Hongzhou Li, Sijie Yu, Shengkai Zhang, Guang Tan

Published: 01 Jan 2024, Last Modified: 01 Apr 2025ICRA 2024EveryoneRevisionsBibTeXCC BY-SA 4.0

Abstract: In visual SLAM (VSLAM) systems, loop closure plays a crucial role in reducing accumulated errors. However, VSLAM systems relying on low-level visual features often suffer from the problem of perceptual confusion in repetitive environments, where scenes in different locations are incorrectly identified as the same. Existing work has attempted to introduce object-level features or artificial landmarks. The former approach struggles to distinguish visually similar but different objects, while the latter is both time-consuming and labor-intensive.

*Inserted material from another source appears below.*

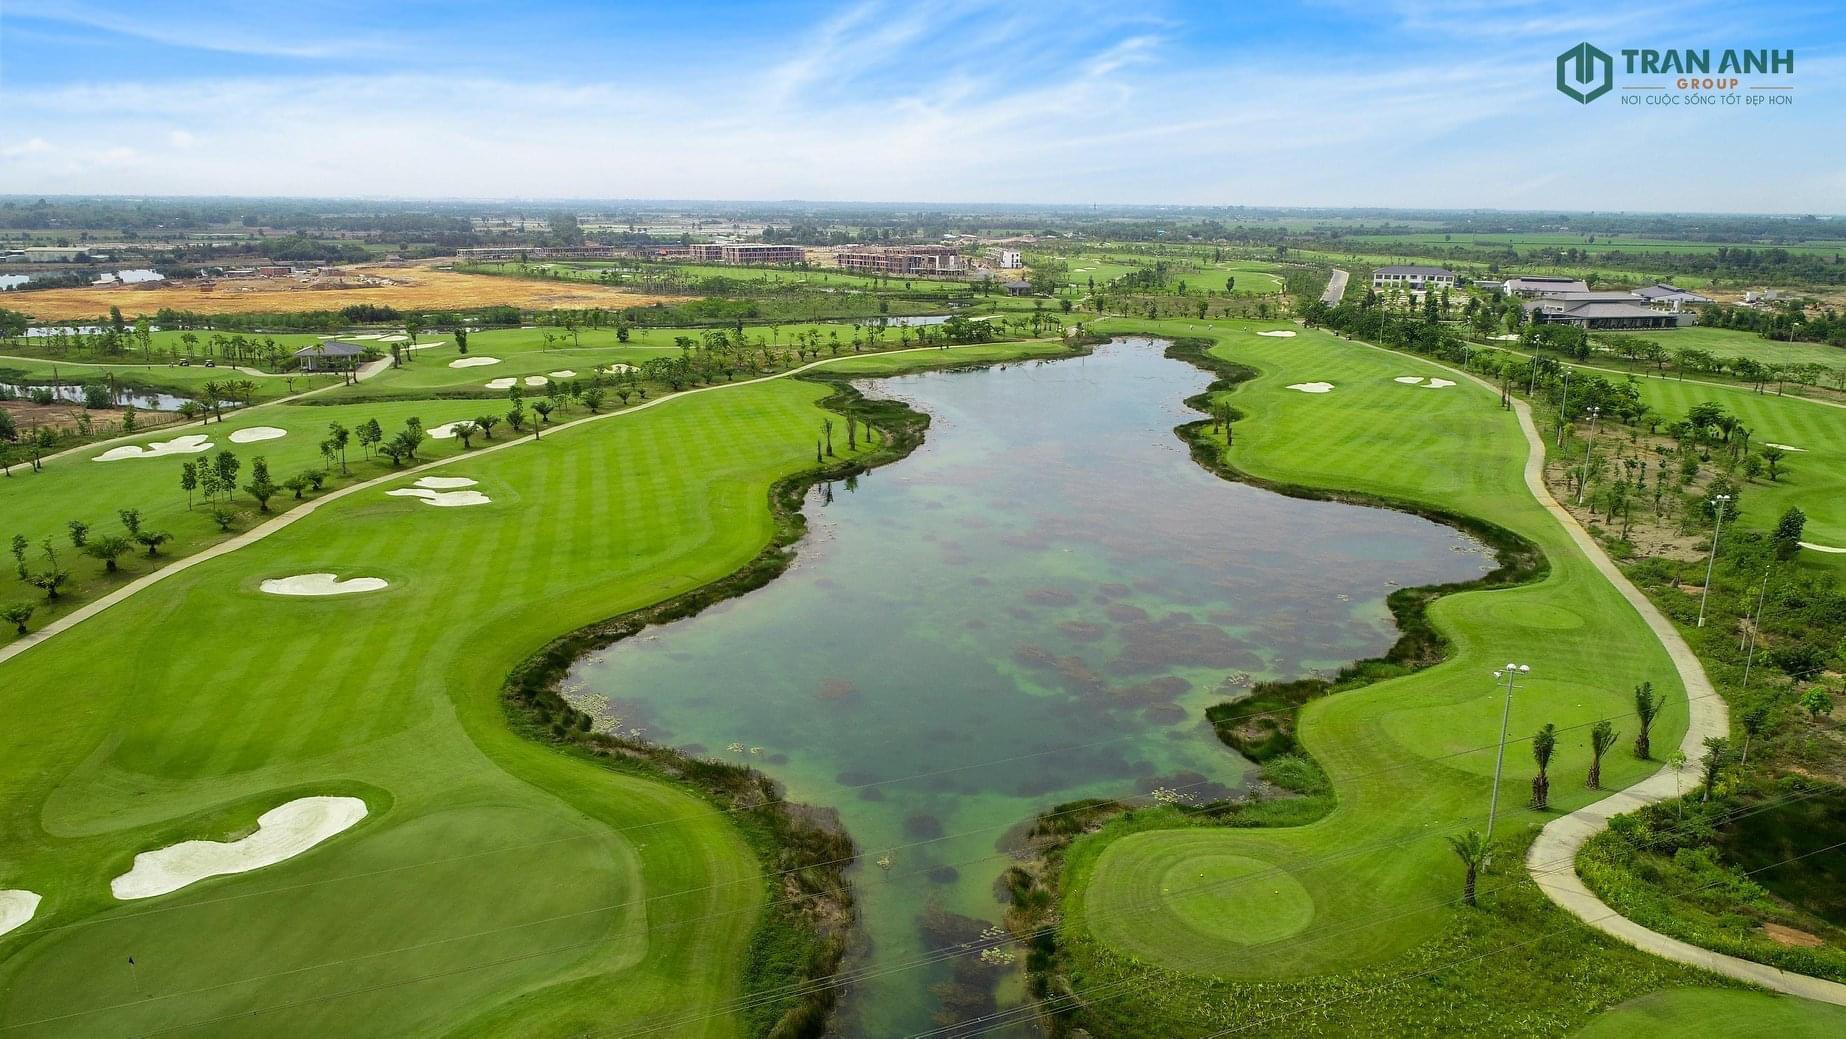 West Lakes sân đánh golf & Villas
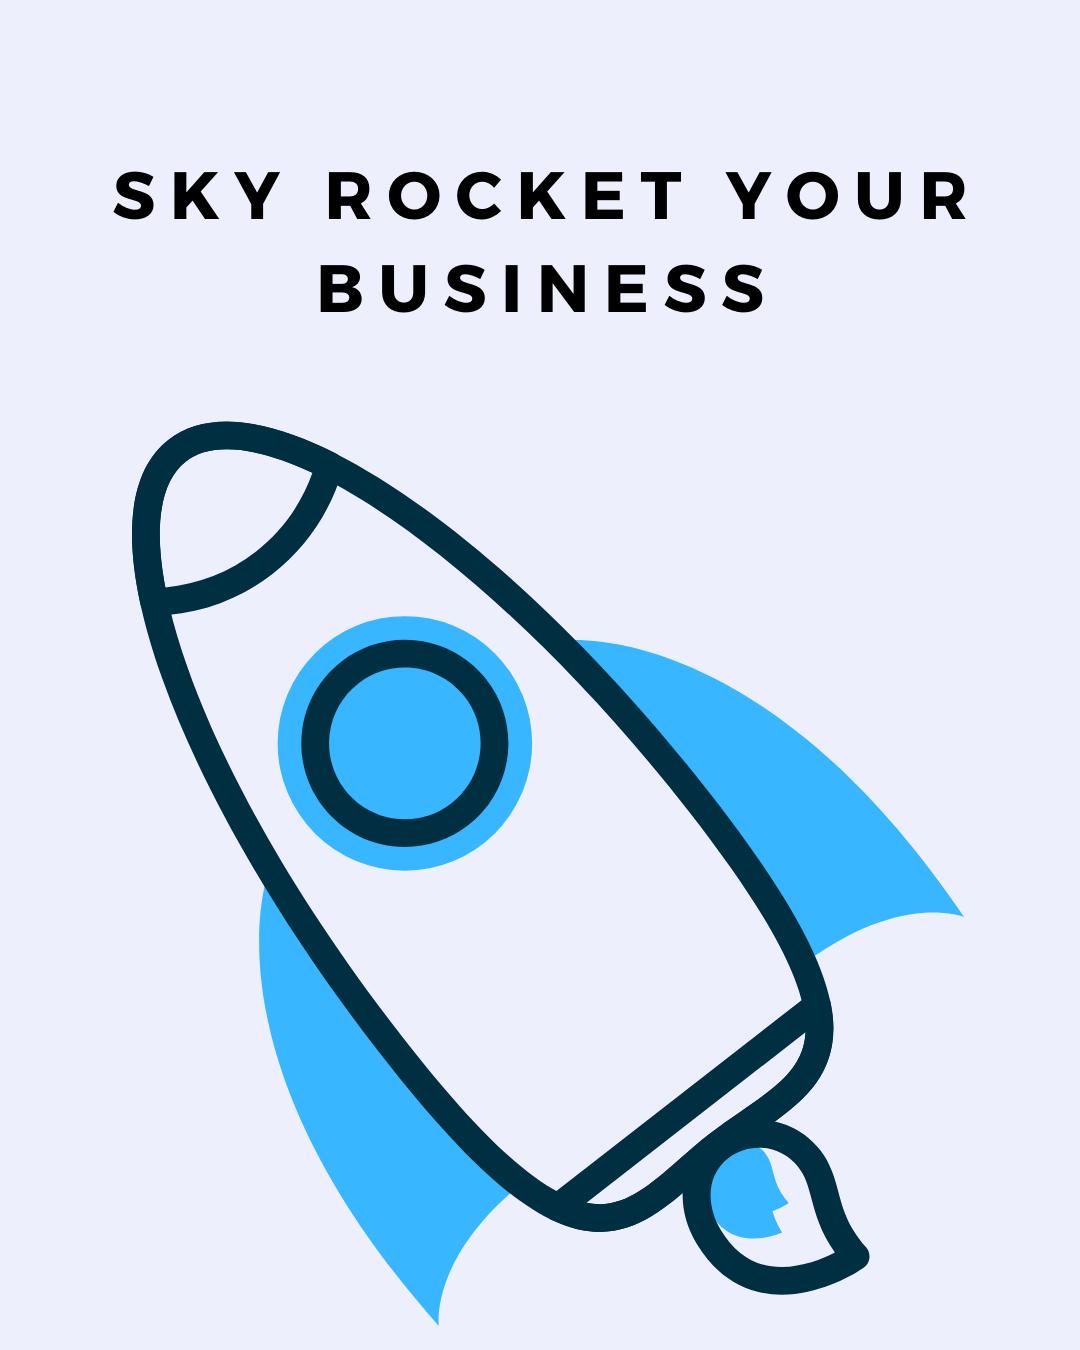 skyrocket-business

This paper introduces a novel loop closure detection method that leverages pretrained AI foundation models to extract rich semantic information about specific types of objects (e.g., door numbers), referred to as semantic anchors, that help to distinguish similar scenes better. In settings such as office buildings, hotels, and warehouses, this approach helps to improve the robustness of loop closure detection. We validate the effectiveness of our method through experiments conducted in both simulated and real-world environments.